I’m Done With My Marriage

I am 26, married to my 42‑year‑old husband for nearly seven years. At this point, I feel suffocated. I don’t find him attractive anymore, and I don’t particularly like him as a person. We married after only a few months of dating. Coming from a strict religious family, I thought marrying him was the right thing to do, and I believed I could change him into a great husband.

He has always been controlling and dominating, but I was conditioned to follow without question. When I had my first miscarriage, he refused to come to the hospital and pressured me to return to work immediately. He told me to drop out of school to help pay bills, and I did.

Around year two, we had a baby. He was distant and treated me poorly. He already had three children from previous relationships, and I began to realize this marriage wasn’t good. At 21 or 22, I finally started speaking up for myself. He would change briefly, then revert back.

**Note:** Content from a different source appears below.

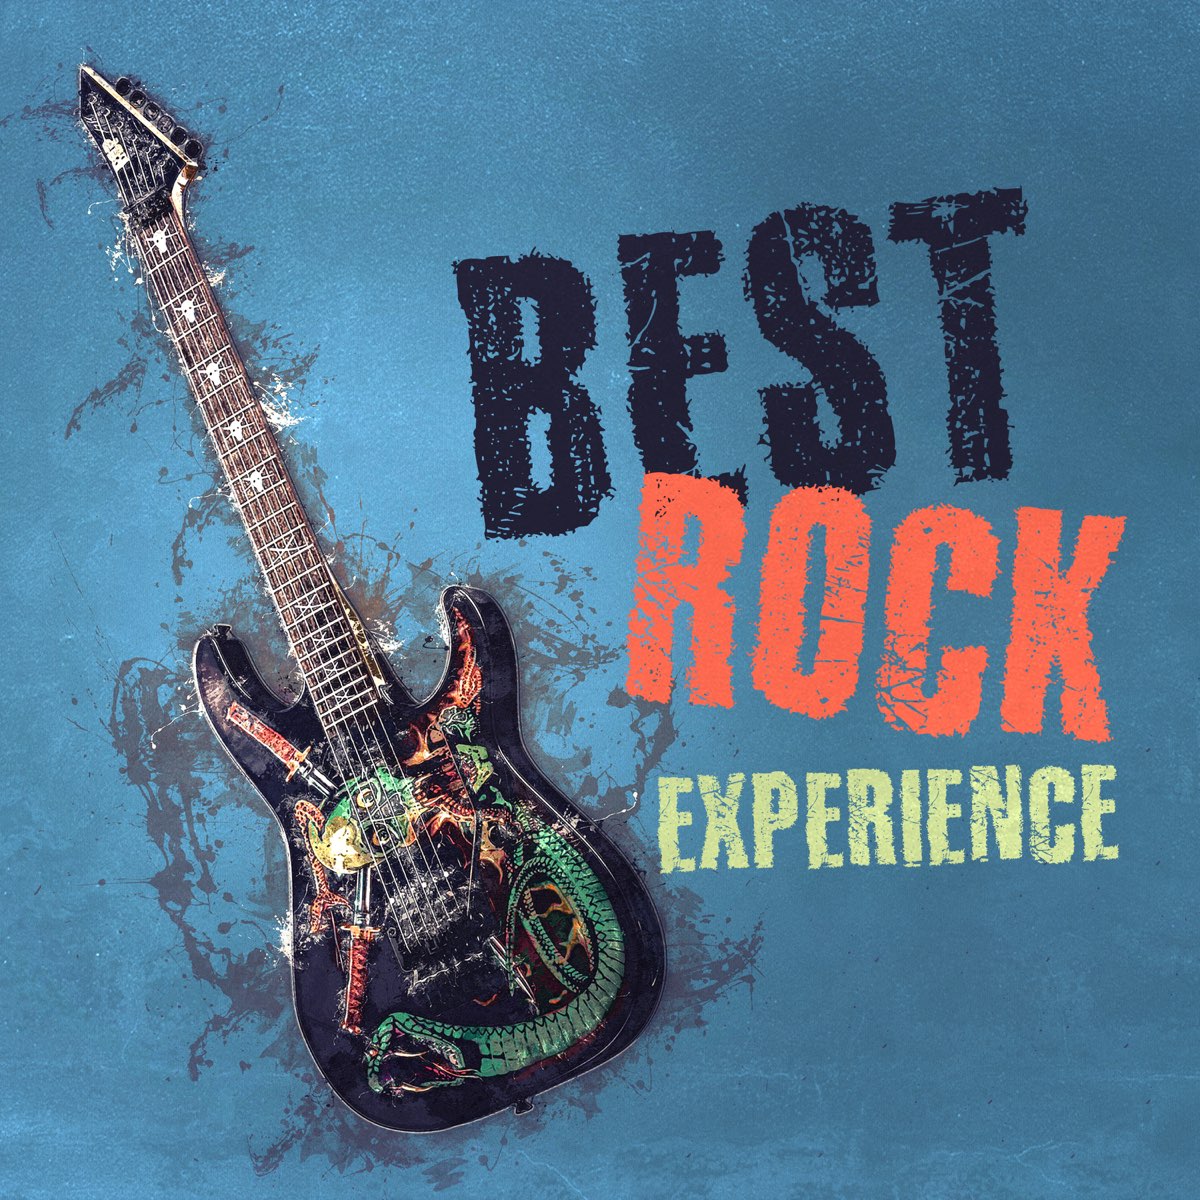 Альтернативный рок лучшее. Best Rock. Блюз-рок рифф. Better рок. Фото the best Rock.

He dictated who I spoke to, what I wore, and where I went. When I became pregnant again in 2023, I told him if he treated me the same way, I would leave. He made some effort, but not enough. I returned to school and refused to drop out.

Now, at 26, I realize I don’t like the person he has shaped me into. I love him, but I don’t like him. I dislike the way he parents, and I want out. There are things he has done that I can never forgive.

I told him I regret marrying him without truly knowing him, and that I don’t like him as a person. I apologized for my expectations but made it clear I was done. I thought this would spark a conversation about separating, but it was as if I never said anything.

Do I have to explicitly say I want a divorce? Am I overreacting?

I just want to live a life without him constantly disapproving and hovering over me.